/cacheus

The design and algorithms used in Cacheus are described in this USENIX FAST'21 paper and talk video: https://www.usenix.org/conference/fast21/presentation/rodriguez

Primary LanguagePython

This repository contains the code used in the Cacheus Project

All caching algorithm implementations are located in the code/algs folder. This folder contains multiple algorithm implementations using original code provided on several publications. Examples of such policies are LIRS, ARC and DLIRS which an cover important state-of-the-art algorithms for cache management.

In addition, this repo includes the parsing code to run cache simulation with several workloads available on the SNIA Website such as FIU, MSR, Nexus 5 Smartphone, CloudCache and CloudVPS.

Cacheus

Cacheus is a novel cache replacement algorithms designed for paging domain. This strategy is an evolution of the ML-based algorithm LeCaR which achieves good performance when cache sizes are small relative to the working set.

Running

To run experiments, the configuration file can be modified appropriately with the specific parameters such as input file location, cache size, algorithm and dataset name.
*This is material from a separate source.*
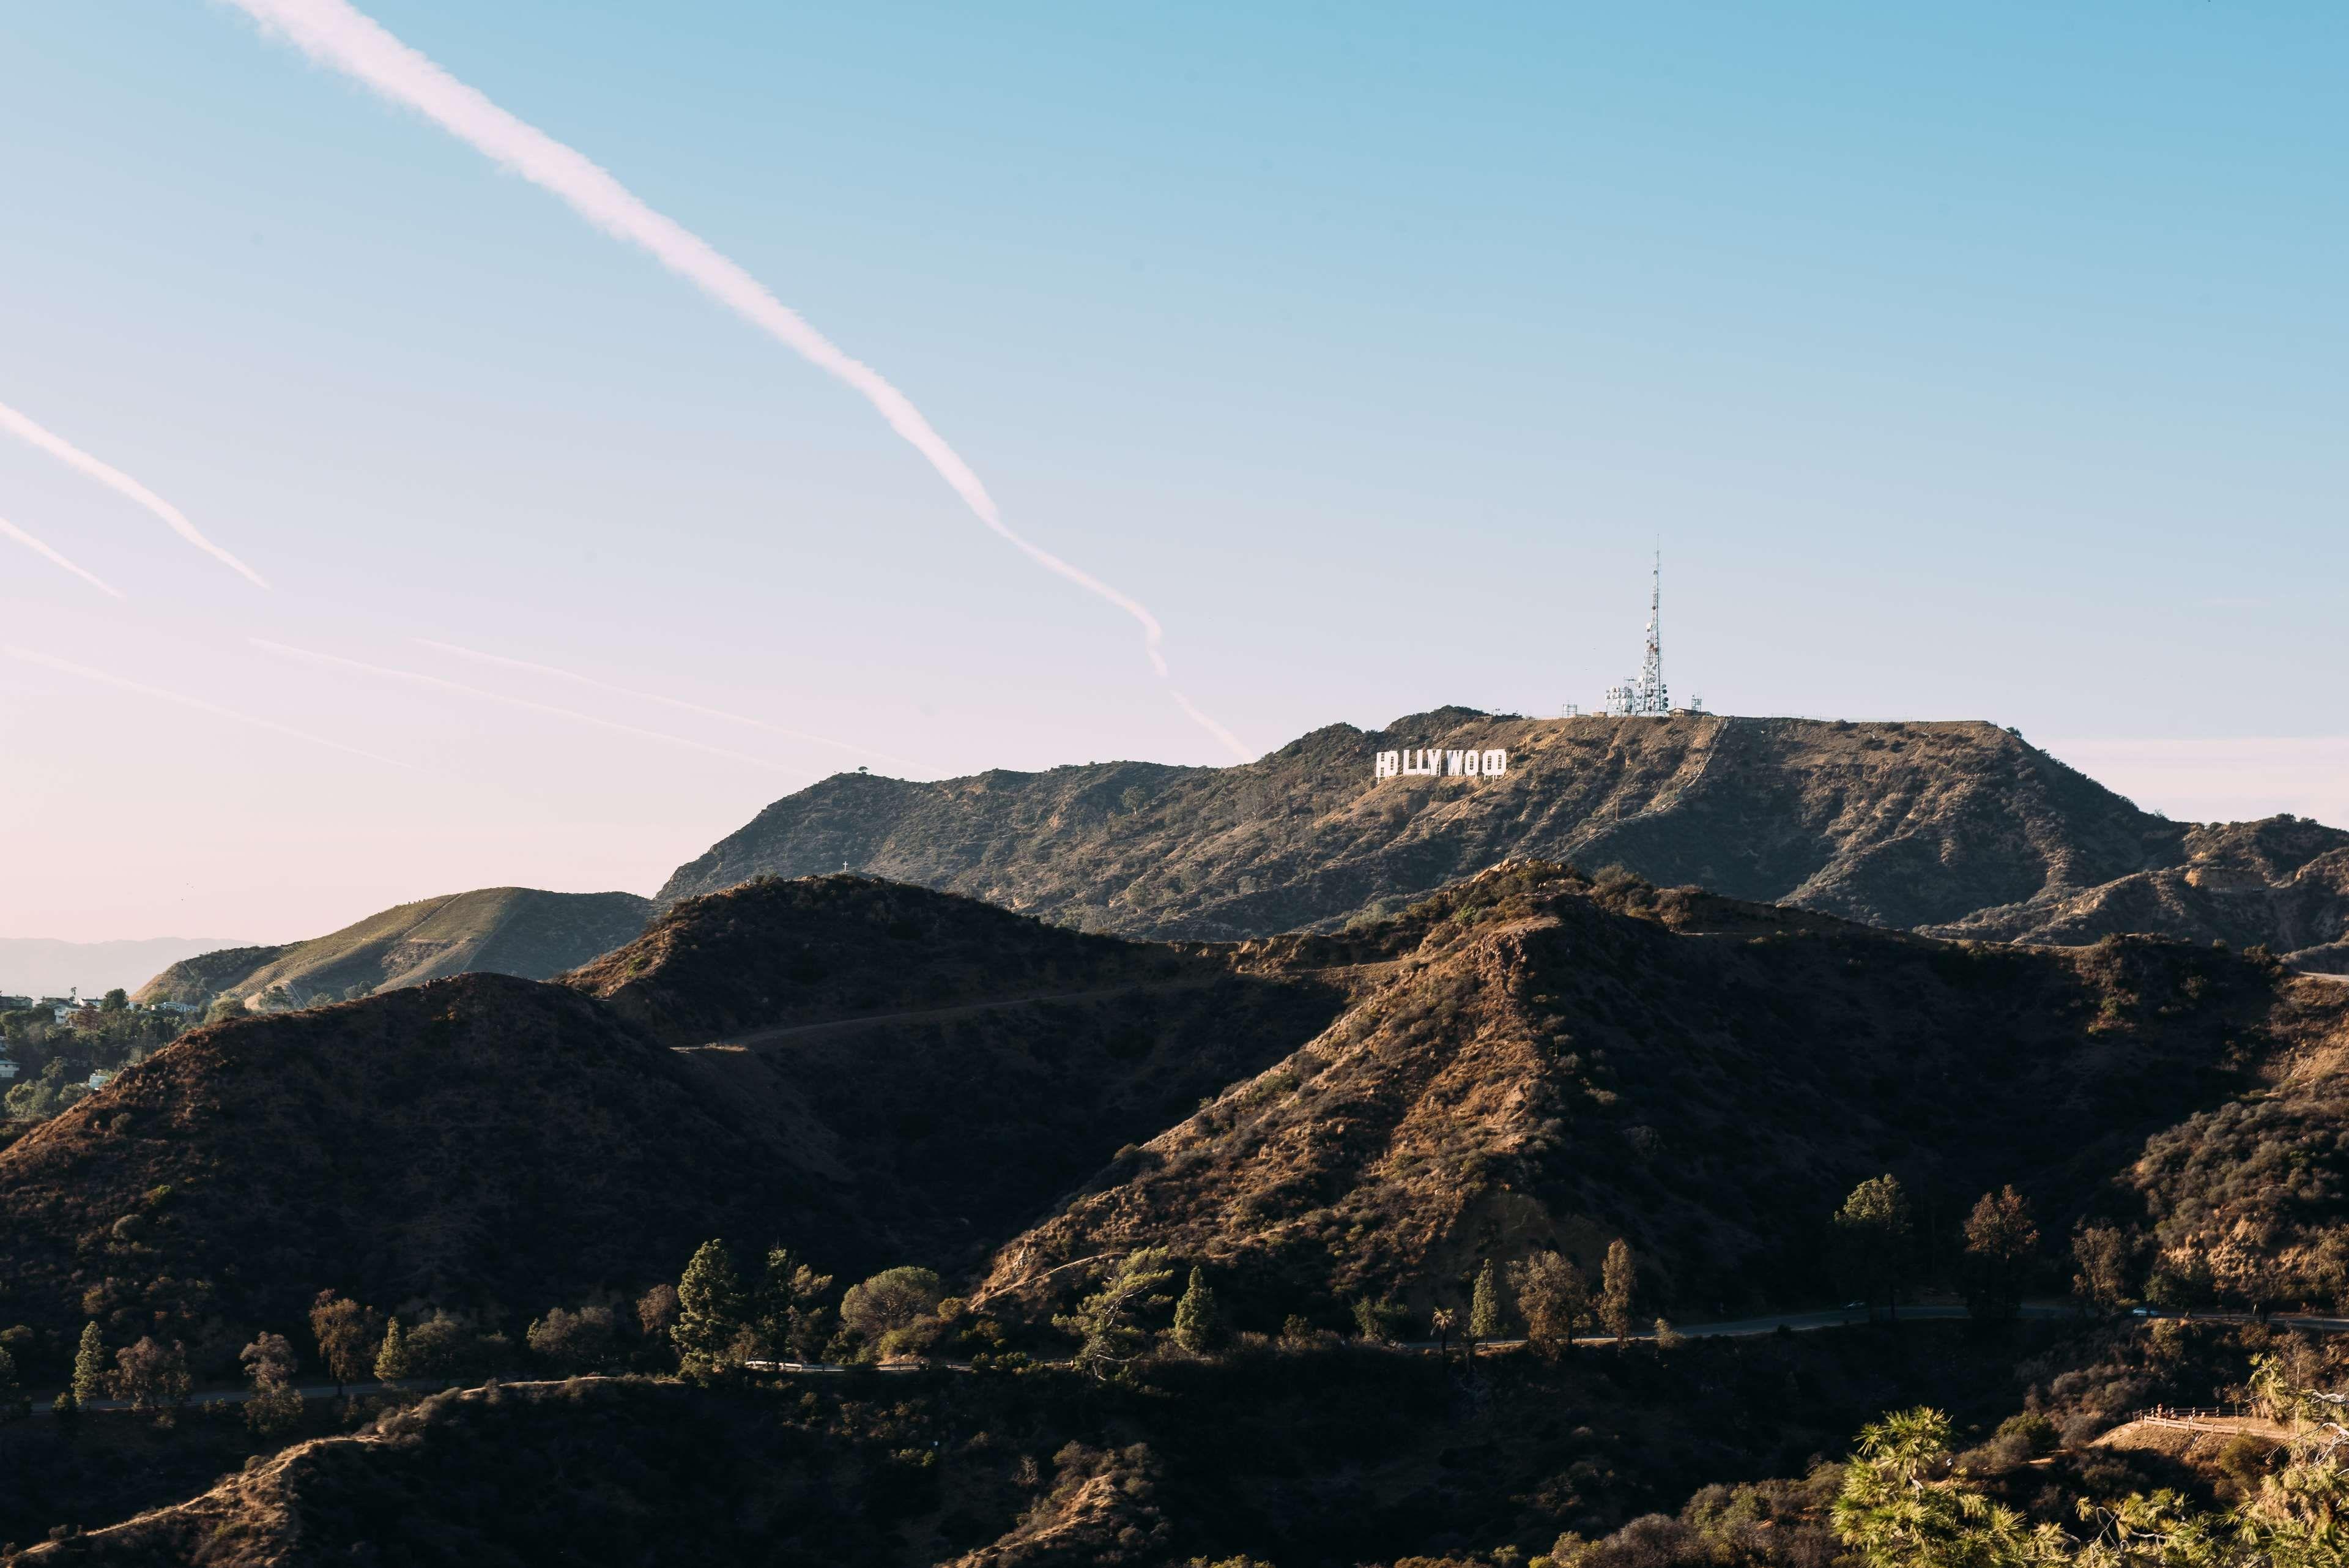 Fantastic Wallpaper Mountain Hollywood - 0b0975335be4954ab392e5d77c5bc98b  2018_58713.jpg

The next step is executing the following command in the console:

python run.py example.config

This framework also allows generating detailed plots to visualize the internal state of the algorithms as well as hit-rate over time and workload's access patterns.

Paper

  • The relevant paper to cite for follow-up or related work on Cacheus is:

@inproceedings {cacheus-fast21, author = {Liana V. Rodriguez and Farzana Yusuf and Steven Lyons and Eysler Paz and Raju Rangaswami and Jason Liu and Ming Zhao and Giri Narasimhan}, title = {Learning Cache Replacement with {CACHEUS}}, booktitle = {19th {USENIX} Conference on File and Storage Technologies ({FAST} 21)}, year = {2021}, url = {https://www.usenix.org/conference/fast21/presentation/valdes}, publisher = {{USENIX} Association}, month = February, }

  • The relevant paper to cite for follow-up or related work on LeCaR is:

@inproceedings {lecar-hotstorage19, author = {Giuseppe Vietri and Liana V. Rodriguez and Wendy A. Martinez and Steven Lyons and Jason Liu and Raju Rangaswami and Ming Zhao and Giri Narasimhan}, title = {Driving Cache Replacement with ML-based LeCaR}, booktitle = {10th {USENIX} Workshop on Hot Topics in Storage and File Systems (HotStorage 18)}, year = {2018}, address = {Boston, MA}, url = {https://www.usenix.org/conference/hotstorage18/presentation/vietri}, publisher = {{USENIX} Association}, month = July, }

Acknowledgments

Song Jiang shared the original code for LIRS that we adapted to Python and used for comparative evaluation.